次は勾配が-4となりました。先ほどと同じように、重みを更新してみます。

w1 := 1.8 – 0.1 * (-4)

(参考 w1 – μ * 勾配)

#重みの更新
w1 = 1.8 - 0.1 * (-4)
print(w1)
2.2

w1が2.2になりました。同じように3回目の更新も行ってみましょう。

#勾配の算出
gradient3 = 5*2.2 - 13
print(gradient3)
-2.0
#重みの更新
w1 = 2.2 - 0.1 * (-2)
print(w1)
2.4000000000000004

何回か繰り返してみます。

#勾配の算出
gradient4 = 5*2.2 - 13
print(gradient4)
#重み
w1 = 2.4 - 0.1 * (gradient4)
print(w1)
-2.0
2.6
#勾配の算出
gradient5 = 5*2.6 - 13
print(gradient5)
#重み
w1 = 2.6 - 0.1 * (gradient5)
print(w1)
0.0
2.6

5回の繰り返しで2.6という重みに落ち着きました。本当はここまでやってしまうと完全にdata1とdata2の誤差に対する重みとなってしまうので、過学習です。そのため、実際には、訓練の回数を調整したりします。

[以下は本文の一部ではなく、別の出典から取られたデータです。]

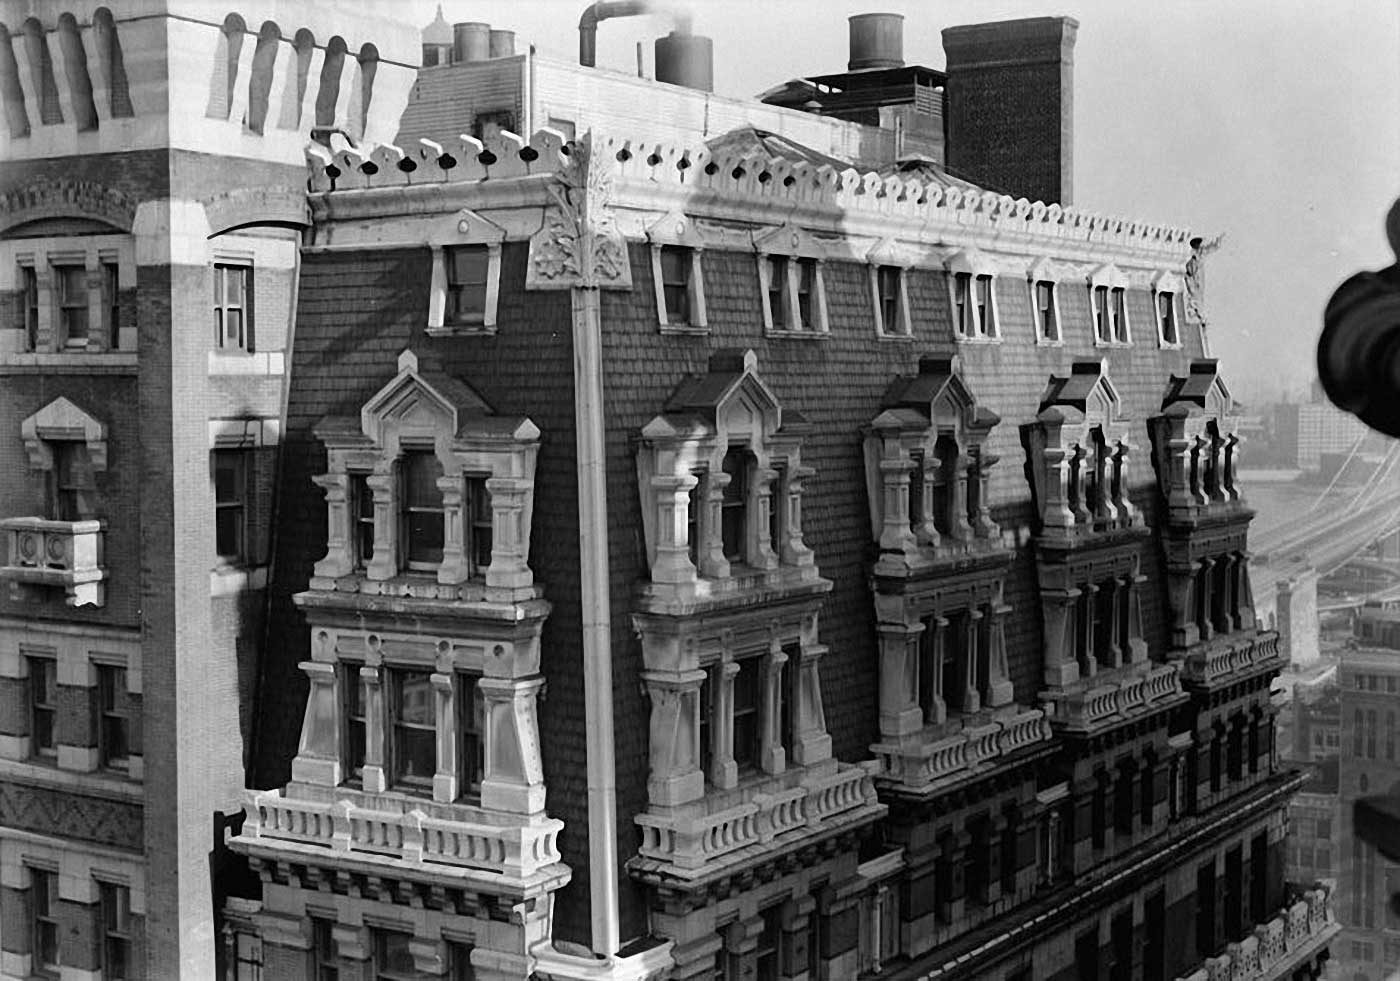 Tribune building new york city

勾配降下方では、このように、勾配を利用して重みを最適な方向へ移動させていくことができます。

現実的に利用するニューラルネットワークでは、何万というデータに対して重みを更新、また、今回は重みが1つだけなので、0を通る直線以外は表現できませんでしたが、もっと多くのパラメータを同様に調整することでより複雑なモデルを実現しています。

エポックとバッチ学習、オンライン学習

データの使い方として、data1のみで勾配を求めて、重みを算出、次にdata2を利用して勾配を算出、重みの更新、と一つづつ利用して重みを更新することもできます。このように一つづつデータを利用して重みを更新する方法が

オンライン学習

と呼ばれます。新たに入手したデータを追加して重みに反映させるようなやり方です。

それに対して、今回data1とdata2を全て利用して1回の重み更新を行う方法は

バッチ学習

と呼ばれています。

いづれにしても、「全ての訓練データを使い切る=1エポック」ということになります。今回の例では、data1とdata2の両方を利用して重みを更新し終わった時点で1エポックと呼ぶことになります。